トヨタ自動車が安全技術の高度化に向け、メーカーの垣根を越えた取り組みを活発化している。自動車の衝突事故による傷害の度合いをコンピューター上で解析できる自社開発のシステムを1月に無償公開したのを契機に、他の自動車メーカーや研究機関などとの連携強化を推進。同システムを有効活用して、車の衝突安全性能を高めてもらうのが狙い。安全技術の進化に向けた仲間づくりを加速して、交通事故死傷者ゼロという業界の課題に真正面から向き合う。

トヨタは2000年に豊田中央研究所(愛知県長久手市)と共同で、車両衝突時の人体の傷害度合いを再現・解析可能な人体モデル「THUMS(サムス)」を開発した。サムスは車の衝突安全試験に広く利用されているダミー人形に比べ、人体の形状や強度を精密に再現できるのが特徴。コンピューター上でさまざまな衝突パターンを模した解析が繰り返し行え、衝突実験にかかる期間や費用を大幅に抑えられる。

完成当初から他の自動車メーカーや研究機関などにライセンス提供していたが、「トヨタだけでなく、業界全体で自動車の安全技術の向上を目指すべきだ」(北川裕一先進技術カンパニーモビリティ性能開発部統合技術室チーフプロフェッショナルエンジニア)との考えで、サムスの無償公開に踏み切ることにした。

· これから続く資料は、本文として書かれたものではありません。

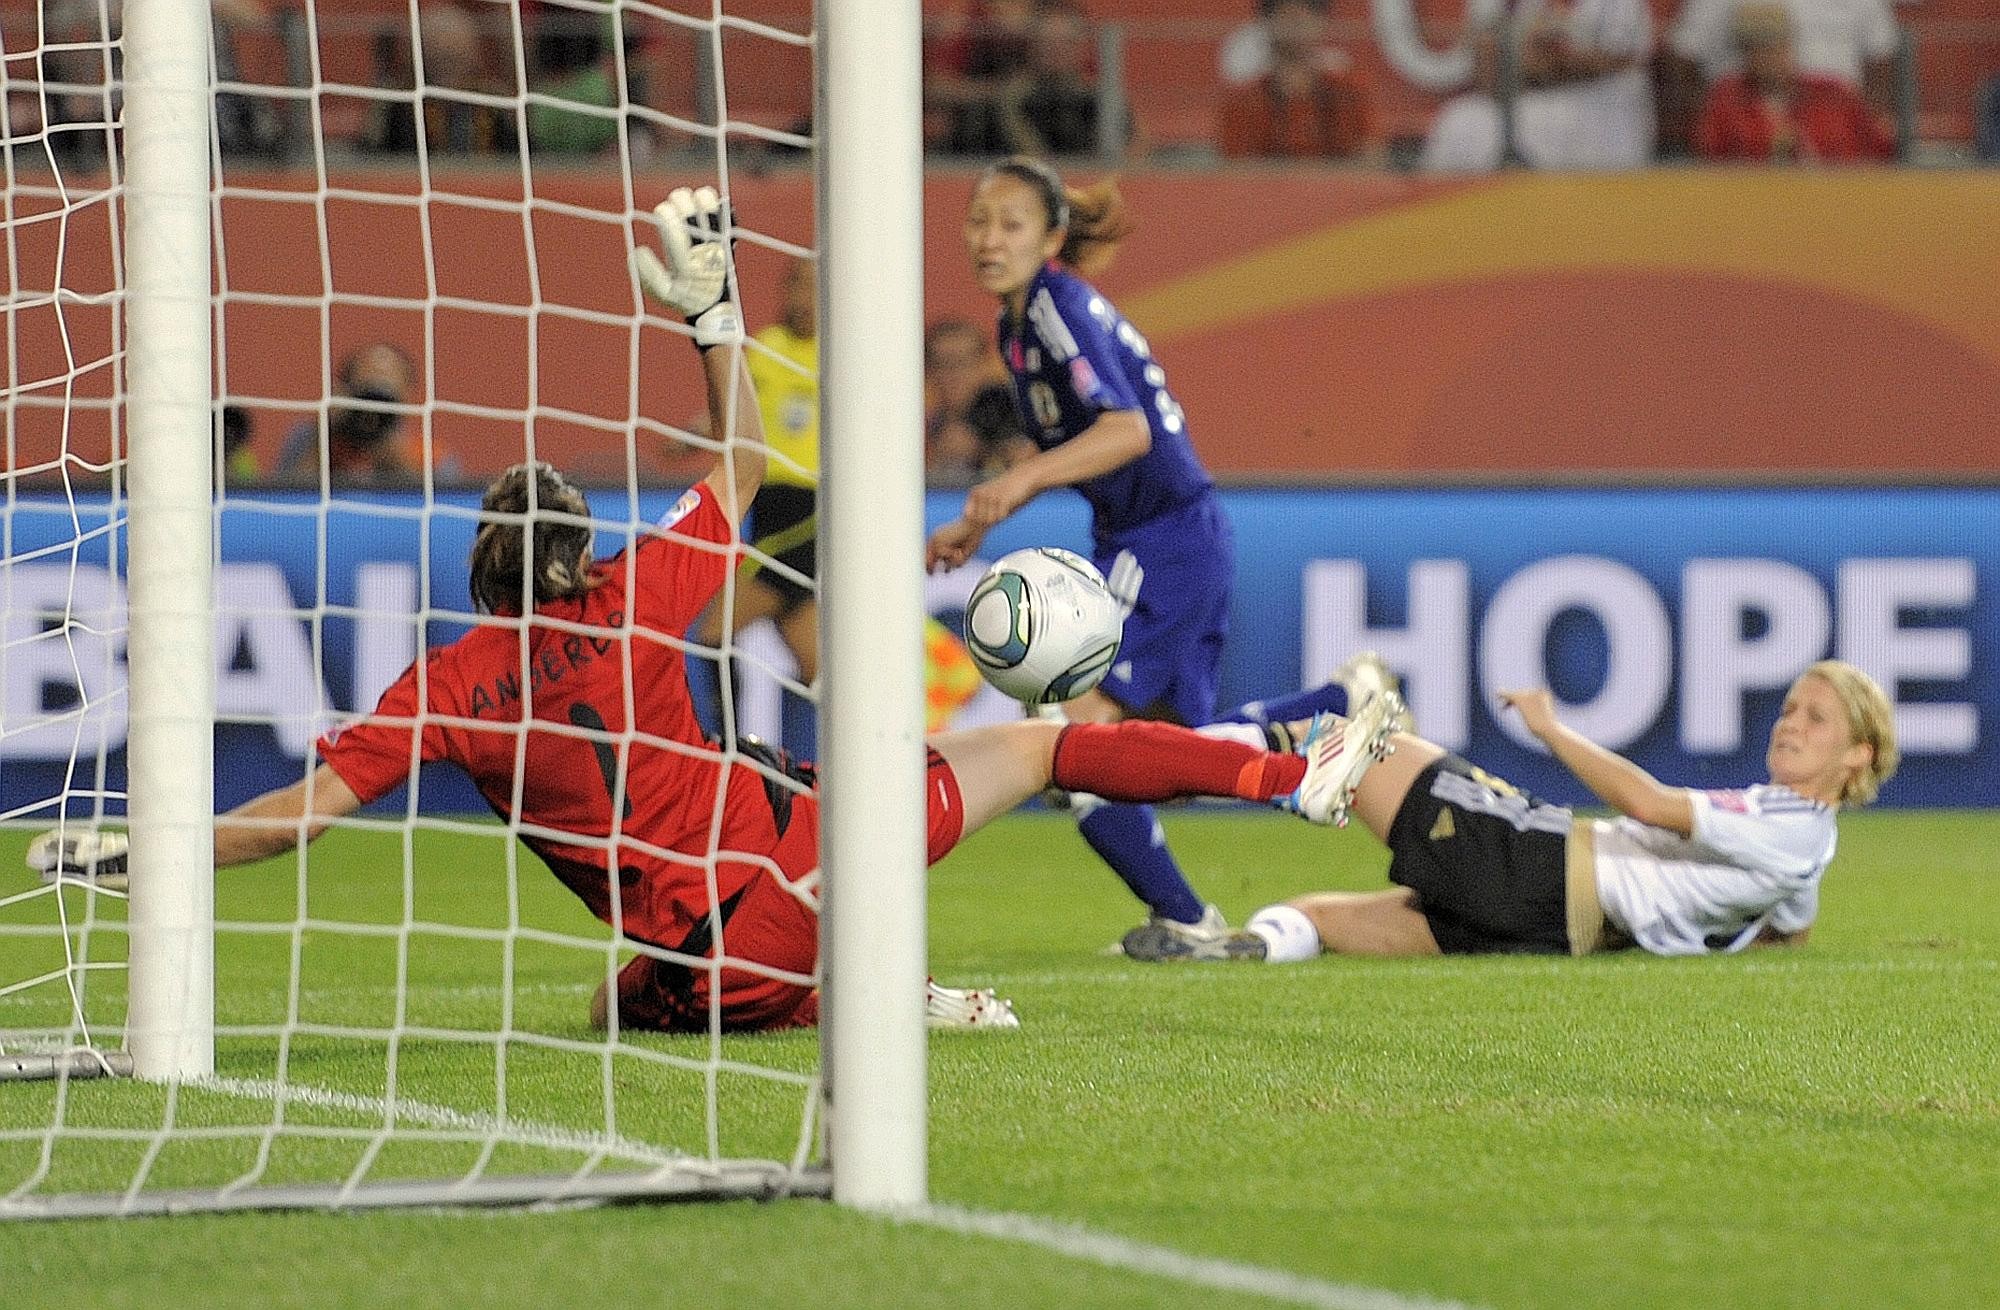 WM-Viertelfinale Deutschland gegen Japan, Endstand 0.1 nach Verlängerung.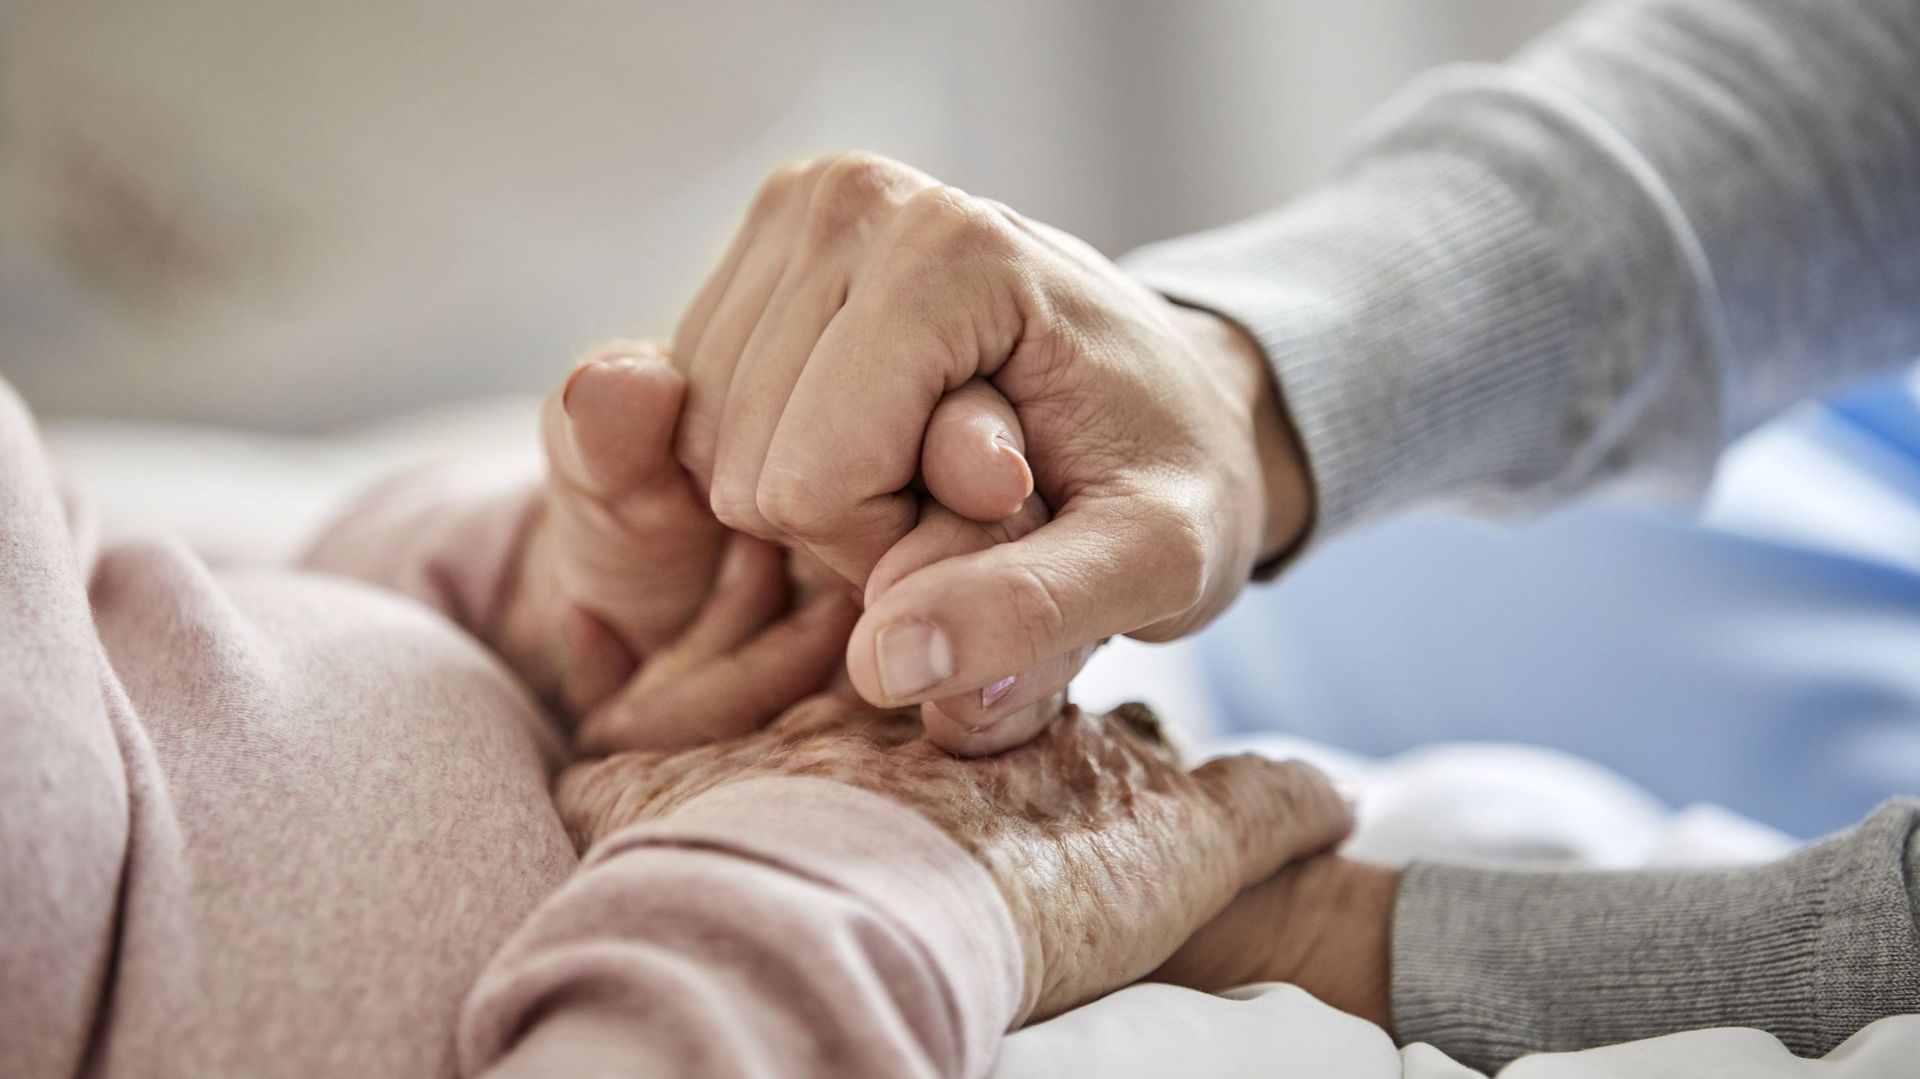 Maltraitance des personnes âgées : quand les soins déraillent

安全技術の高度化は業界の共通課題となっており、サムスの引き合いは「無償公開後に約4倍の400件に急拡大した」(同)という。サムスは衝突安全性能のアセスメント試験でバーチャル技術の導入が進む欧州で高い評価を獲得。欧州では12年に利用者で構成する有志の団体「サムス・ユーザー・コミュニティー(TUC)」が設立され、サムスを有効活用するためのノウハウなどを利用者同士で共有する動きが出ていた。

TUCには独フォルクスワーゲン(VW)や独BMW、独ダイムラーといった完成車メーカーも参画。トヨタは欧州での実績をテコに、サムスをバーチャル人体モデルのデファクトスタンダード(事実上の標準)にすることも視野に入れる。

サムスは足元では前方車両への衝突回避を支援する「プリクラッシュセーフティー」や自動運転車両の安全研究にも用途を拡大しているほか、「(シートの座り心地など)人間の五感を定量化する『感応評価』の研究にも着手している」(北川氏)。

実車をダミー人形に衝突させるこれまでの安全試験が不要になれば、資源や電力の利用により生じる環境負荷も低減できる。トヨタは世界的に関心が高まる持続可能な開発目標(SDGs)にも目を配りつつ、自動車の安全技術を追求する構えだ。